A pochi giorni dall’esito delle elezioni statunitensi, non sembra arrestarsi l’allarme di chi ha visto, realisticamente, di nuovo aleggiare sui cieli dell’occidente liberale, progressista, tecnologicamente avanzato, i fantasmi di una “famiglia futura” risospinta verso servitù antiche, chiusure nazionaliste, rivalse del maschilismo, odio per lo “straniero”, ritorno ai valori tradizionali della patria e dei legami di sangue.
Quello che colpisce di due prospettive così lontane è la loro complementarità: da una parte il ritorno a forme di appartenenza autoritaria, sostenute da vincoli “naturali”, dall’altro lo smarrimento di una singolarità a cui sono state tagliate le radici.

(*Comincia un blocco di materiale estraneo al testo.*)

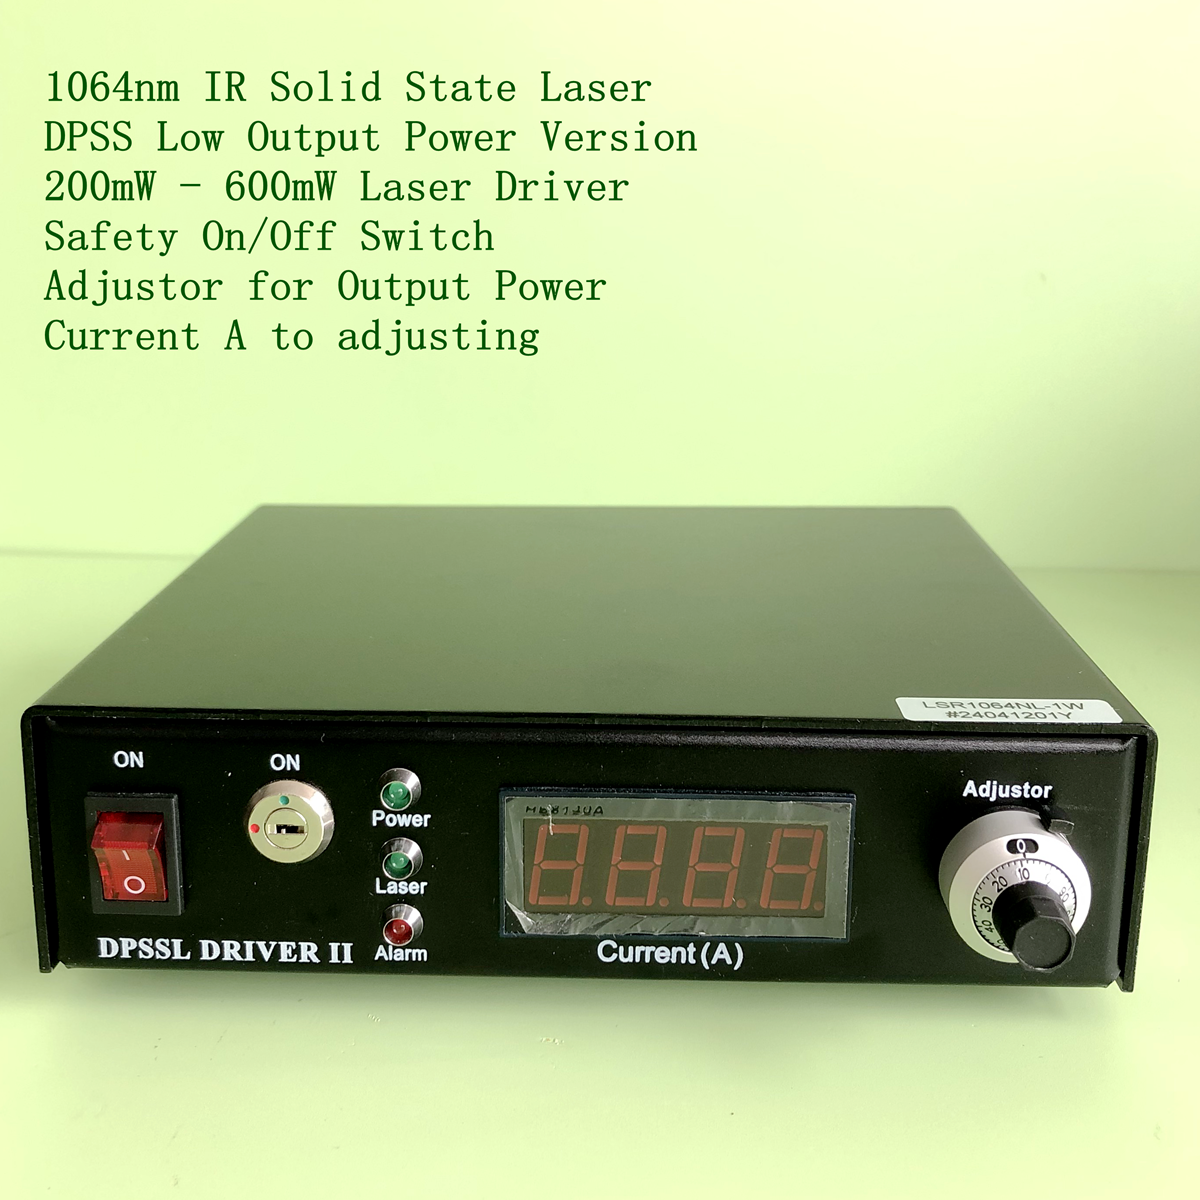 Modal Additional Images for 1064nm IR Solid State Laser DPSS Low Output Power Version 200mW - 600mW

Si è tornati a parlare della separazione tra la politica e la vita: la vita delle classi sociali che più hanno pagato in povertà, disoccupazione, insicurezza la globalizzazione, ma anche quella delle donne, avviate verso una libertà contrastata da una crescente violenza maschile, e di tutte le minoranze sessuali e di genere, a cui si negano diritti e cittadinanza.

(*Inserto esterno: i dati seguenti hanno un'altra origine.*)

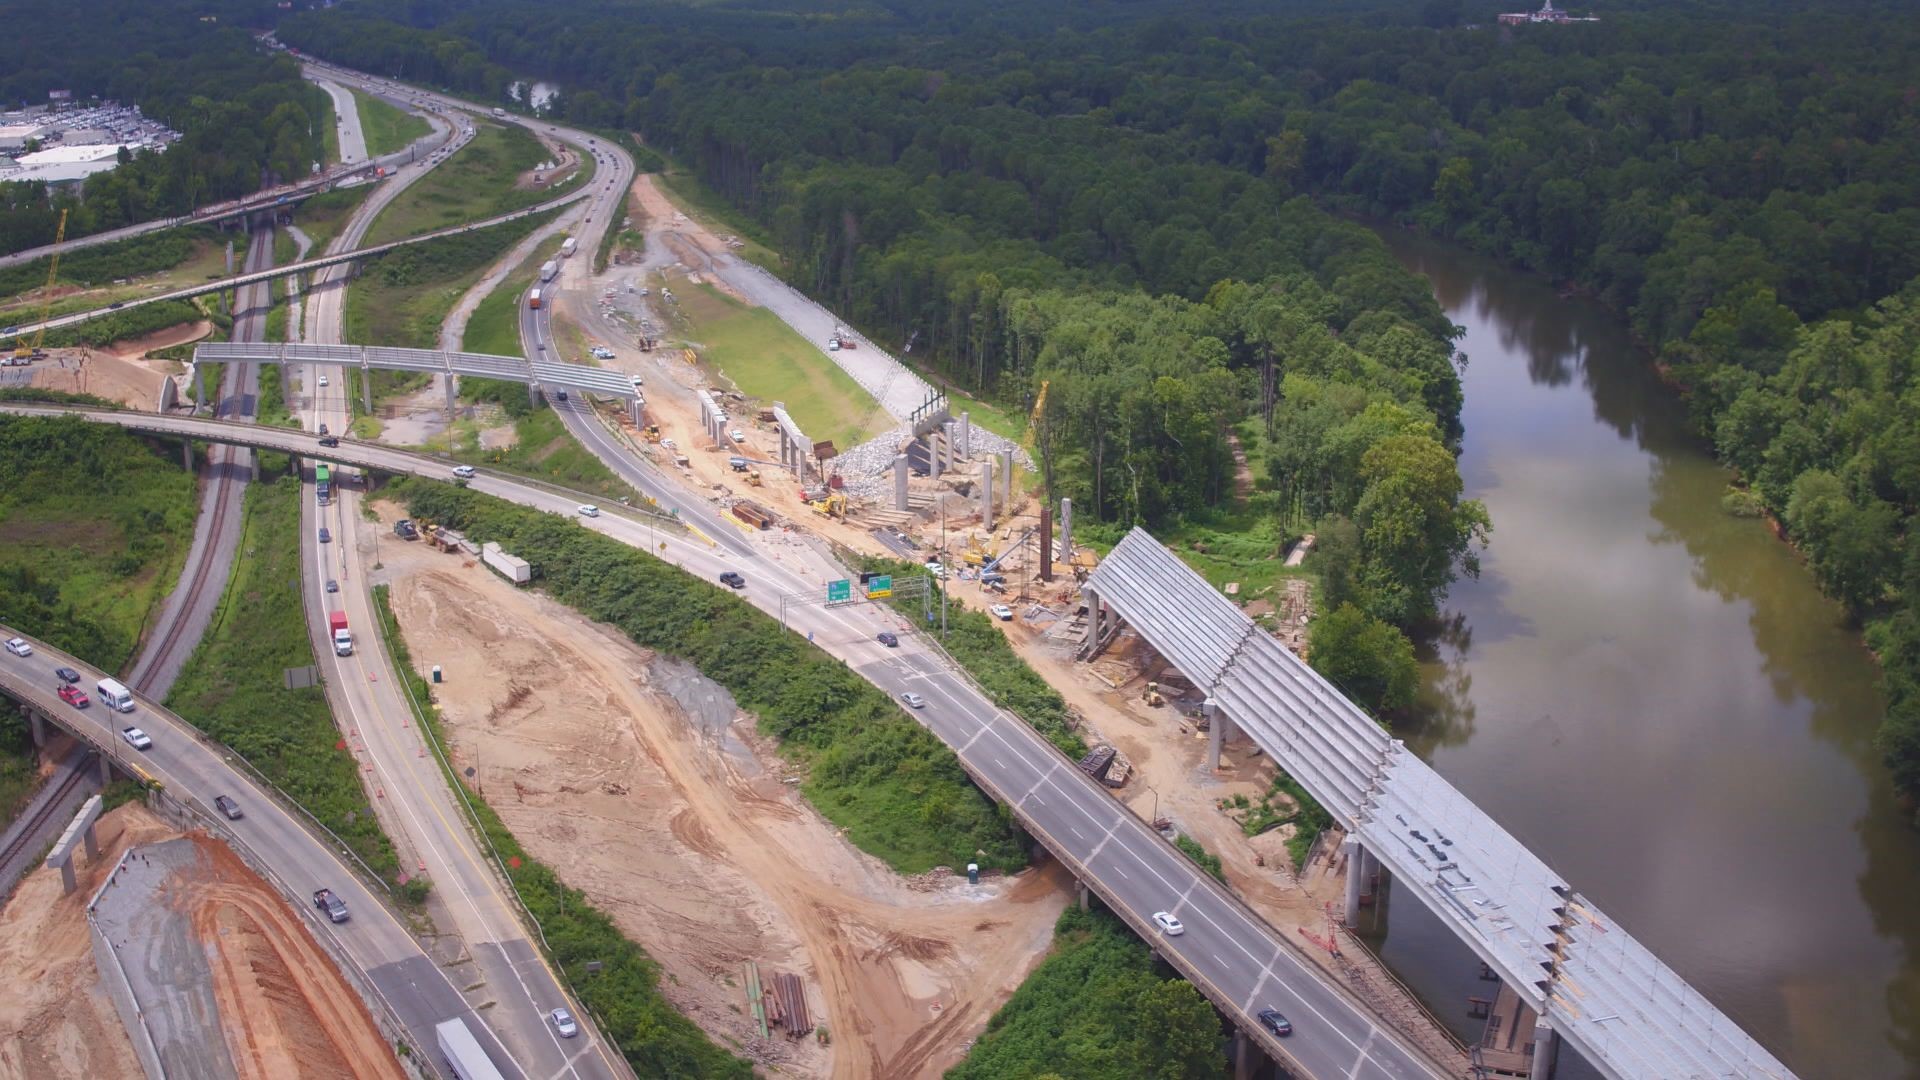 The state started this project to reduce congestion and improve safety, but has construction brought more accidents?

Forse non è stata fatta abbastanza attenzione al fatto che, con il venire meno dei confini tra privato e pubblico, cambiava anche la figura astratta del “cittadino”, soggetto delle democrazie moderne, e dell’individuo produttore e consumatore, responsabile della sua vita e del suo futuro, a cui fanno riferimento le politiche neoliberiste.
Ma soprattutto ha avuto scarso rilievo o è stata ignorata la politicità del corpo – genere, sessualità, bisogni, desideri, fragilità, interdipendenza – centrale nel pensiero antiautoritario e femminista, e questa ignoranza ha impedito di capire quale passaggio lento e difficile sarebbe stato la creazione di una singolarità incarnata, libera dai modelli culturali che hanno fatto dell’eterosessismo una norma, un privilegio di “natura”, e del prolungamento della relazione originaria madre-figlio una base della stabilità del matrimonio.

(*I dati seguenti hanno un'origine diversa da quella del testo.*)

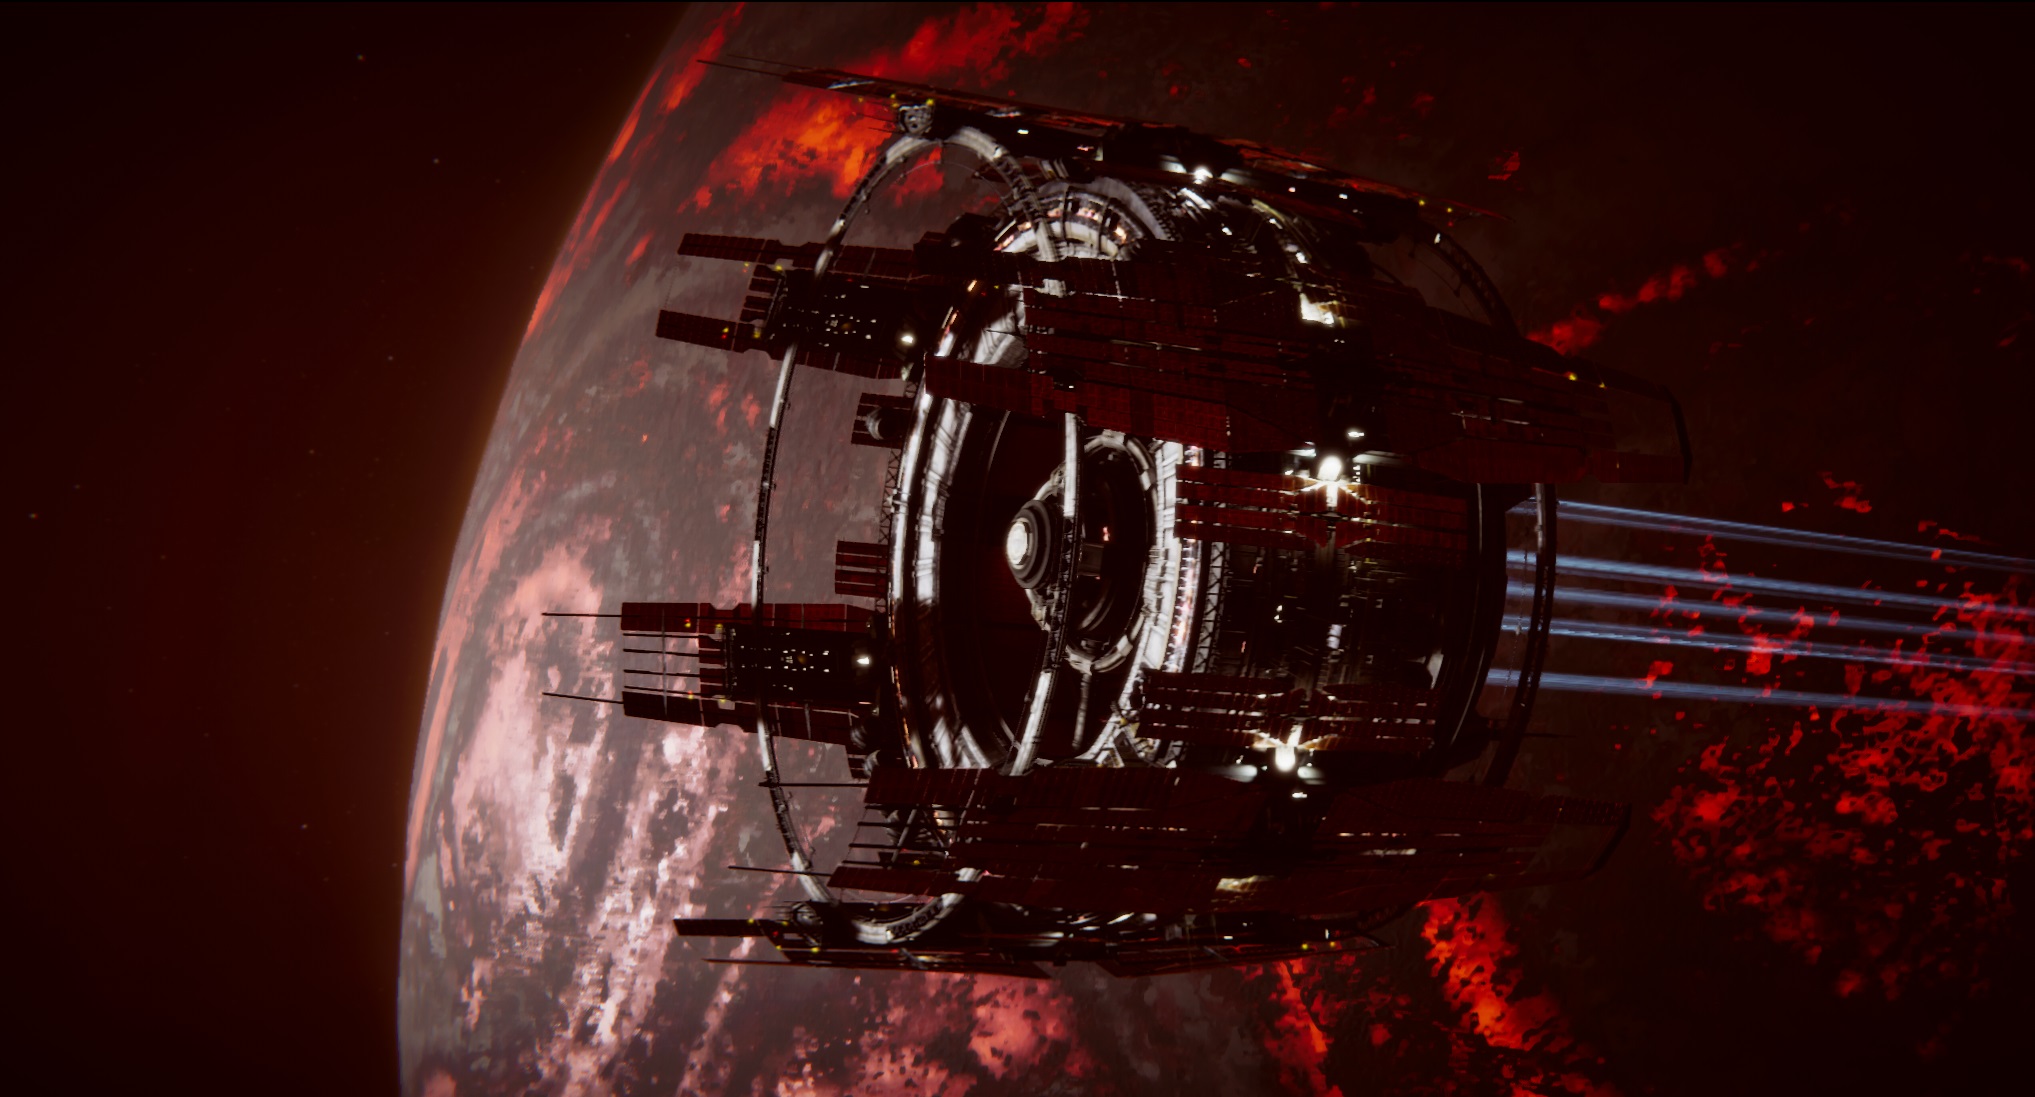 Ixion's space station bathed in an ominous red glow

Poiché manca una elaborazione adeguata dei rapporti di potere e dell’ostilità che è venuta a incunearsi tra aspetti inscindibili dell’esperienza umana – natura/cultura, individuo/società, vita/morte, forza/fragilità, dipendenza/autonomia – a partire dalla differenziazione del maschile e del femminile e dalla divisione sessuale del lavoro, il terremoto che oggi scuote la convivenza civile e il politicamente corretto non poteva che finire dentro una spirale fatta di capovolgimenti e contraddizioni.
Non c’è da meravigliarsi se l’uscita da dipendenze, servitù e violenze antiche è rimasta impigliata tra un malinconico ideale di autosufficienza e la tentazione di ripiegare su àncore di salvezza tradizionali, come la famiglia, la nazione, il gruppo etnico, la religione, la supremazia considerata “naturale” di un sesso sull’altro.